In this section, we use two distinct 1D CMFGEN models to build an asymmetric ejecta. The ejecta are symmetric with respect to the equatorial plane so it corresponds to a bipolar explosion in which a cone of opening angle 50 deg along the symmetry axis is characterized by distinct properties relative to lower latitudes. In our setup, the difference is the steeper density fall-off beyond about 10 000 km s⁻¹ and the larger ⁵⁶Ni content within the H-rich layers of the ejecta (see Fig. 3).

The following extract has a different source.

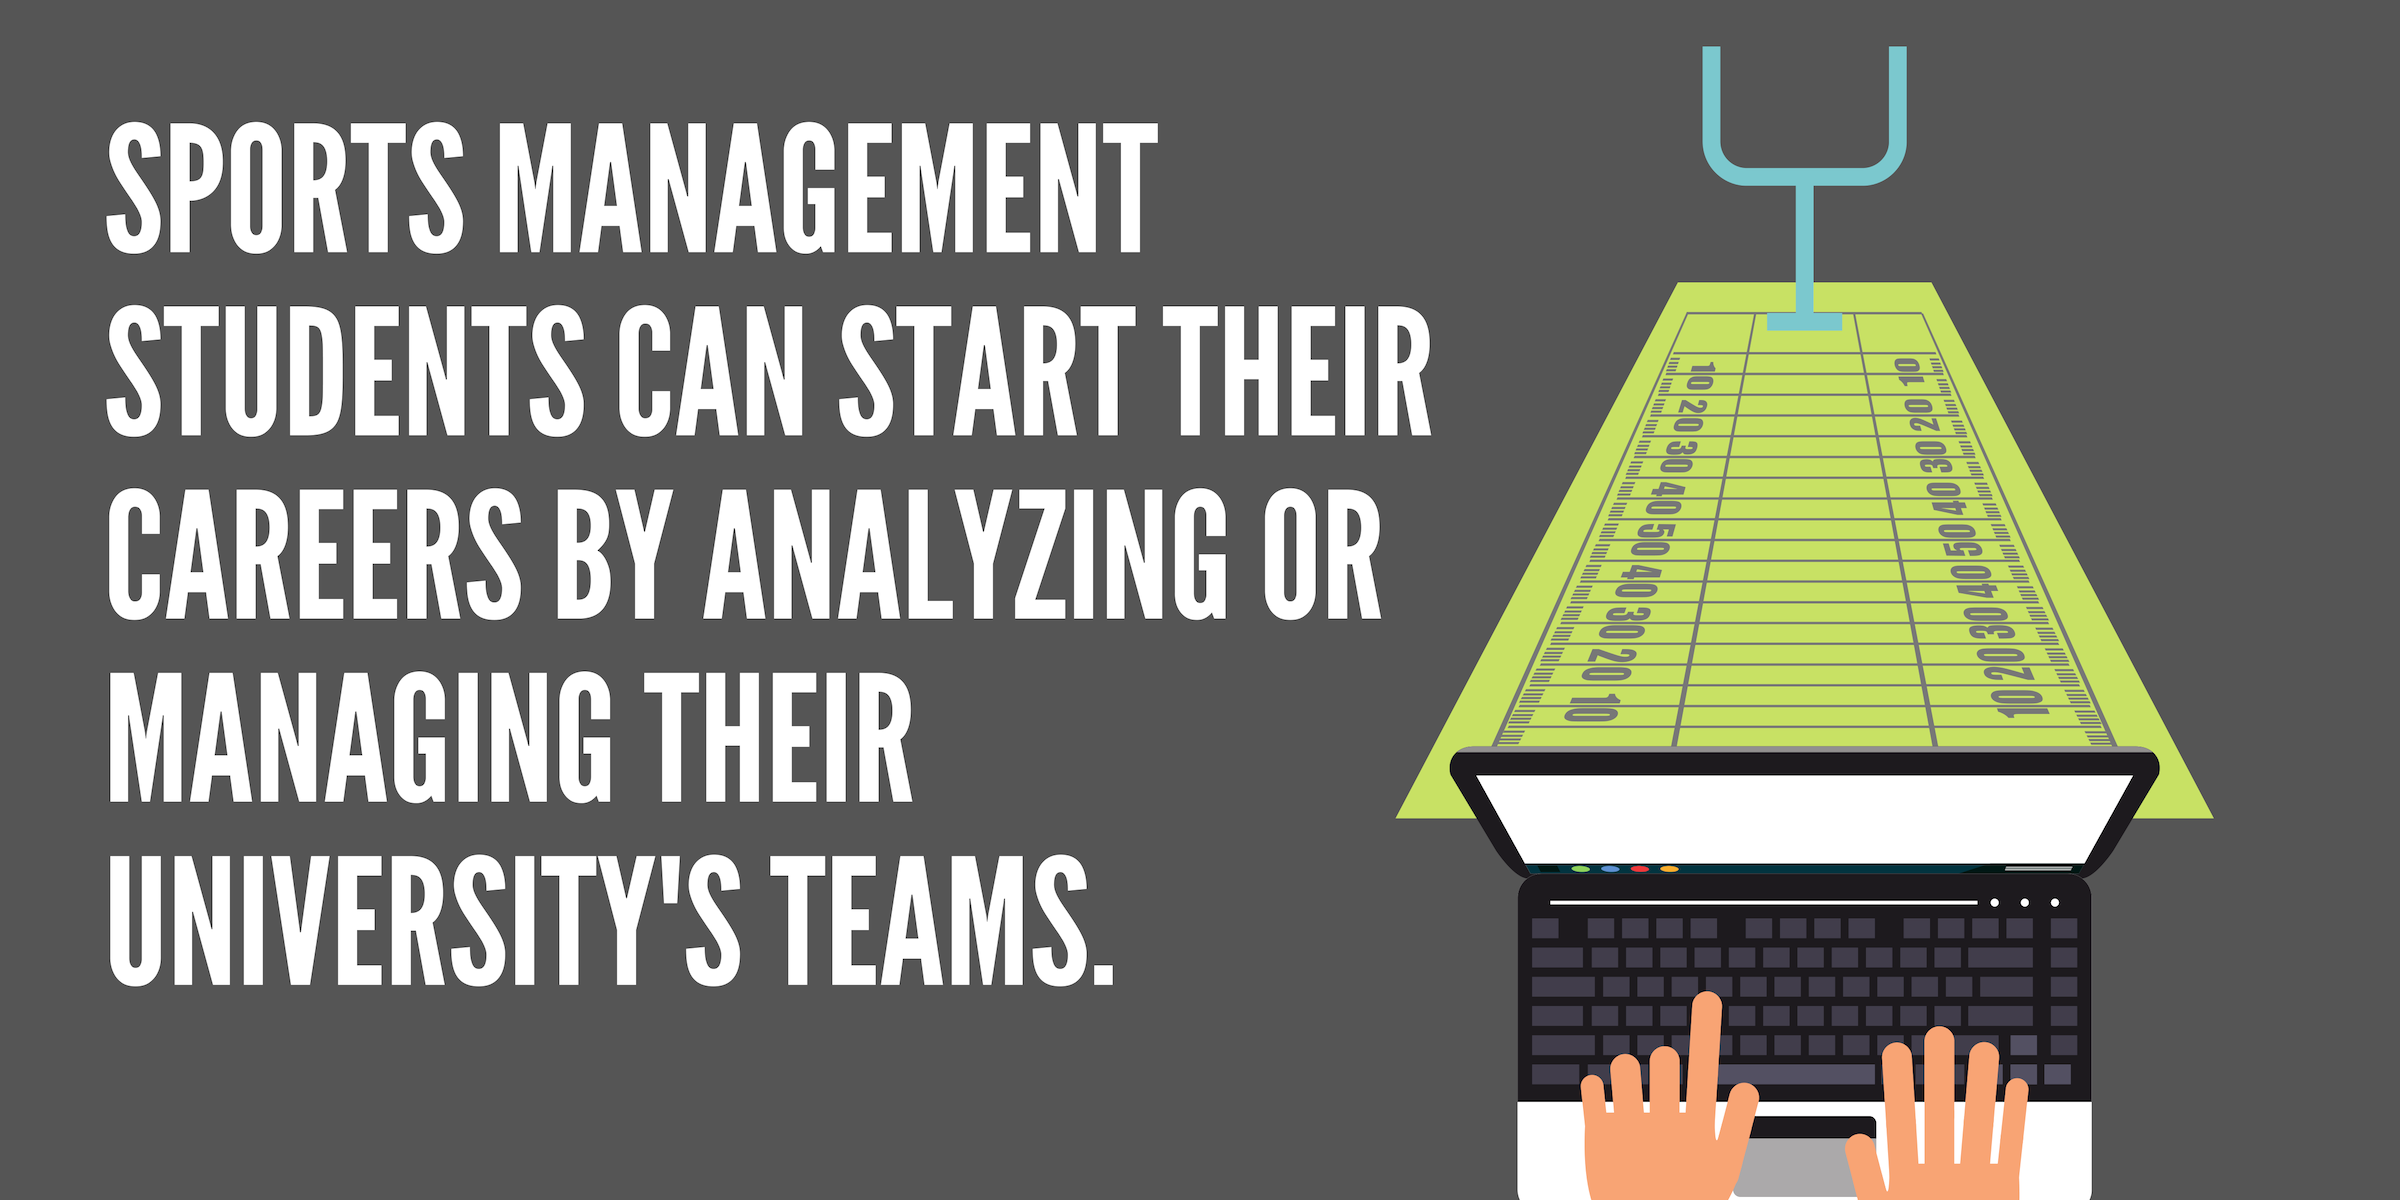 Sport management students can start their careers by analyzing or managing their university's teams.

In the context of polarization, the main impact of the ⁵⁶Ni enhancement is not the change in opacity or abundance (both have a minor influence) but instead the boost it induces to the density of free electrons (the mass density below about 10 000km s⁻¹ hardly changes with angle, so the impact is on the ionization). Hence, there is at least one source of asymmetry at any given velocity, which implies that this setup may produce a net polarization at any epoch. The initial conditions used in this case are presented in detail in Sect. 3.2.3, to which we refer the reader for additional information (see also Figs. 3−4).

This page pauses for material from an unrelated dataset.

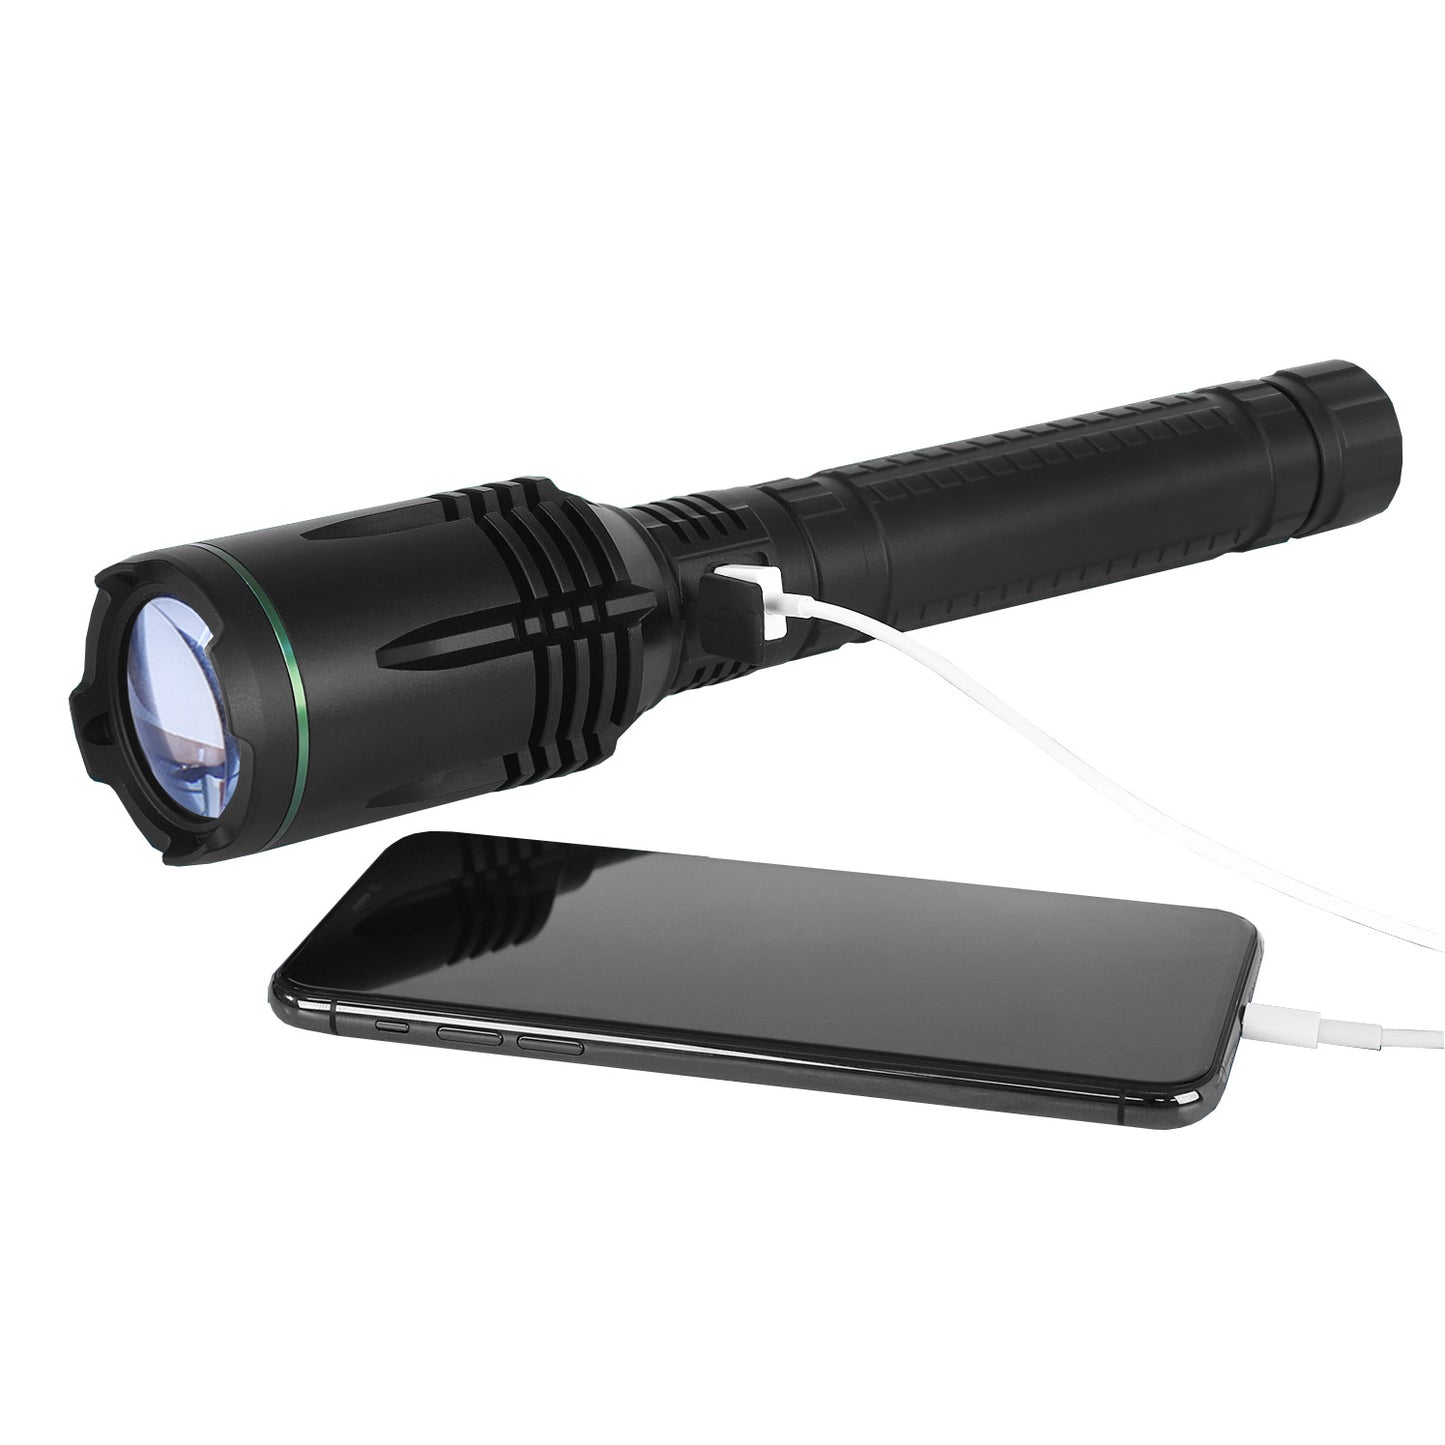 High-Intensity LED Flashlight with 3,000 Lumens, Includes Rechargeable Batteries and Additional 3 "C" Batteries

One way to characterize the asymmetry of our ejecta is by comparing the photospheric radius along the pole and along the equator. Although our hybrid model is made of the same combination of 1D ejecta at all epochs computed, the gas properties evolve and in a distinct way along the polar and the equatorial directions. The ⁵⁶Ni enhancement affects mostly the innermost ejecta layers, so the asymmetry should be weak early on and grow as the inner aspherical ejecta layers are revealed by the receding photosphere. Consequently, in our hybrid model, the ratio of polar and equatorial photospheric radii evolves from 1.02, to 1.08, 1.22, 1.36, 1.59, 1.52 and 1.26 as the SN ages from 16.1, to 46.0, 63.0, 71.9, 91.9, 107.9, and 120.0 d.

Another method for illustrating the structure is with the shape factor defined by Brown & McLean (1977) which (together with the optical depth and the inclination) fully describes the continuum polarization properties of an axially-symmetric ejecta illuminated by a point source. In this paper, we introduce a depth-dependent shape factor γ(r) and define it as $$\gamma (r)=\frac{{\displaystyle {\int }_r^{\infty }{\displaystyle {\int }_{-1}^1{N}_e}}(r,\mu ){\mu }^2\text{d}\mu \text{d}r}{{\displaystyle {\int }_r^{\infty }{\displaystyle {\int }_{-1}^1{N}_e}}(r,\mu )\text{d}\mu \text{d}r},$$(8)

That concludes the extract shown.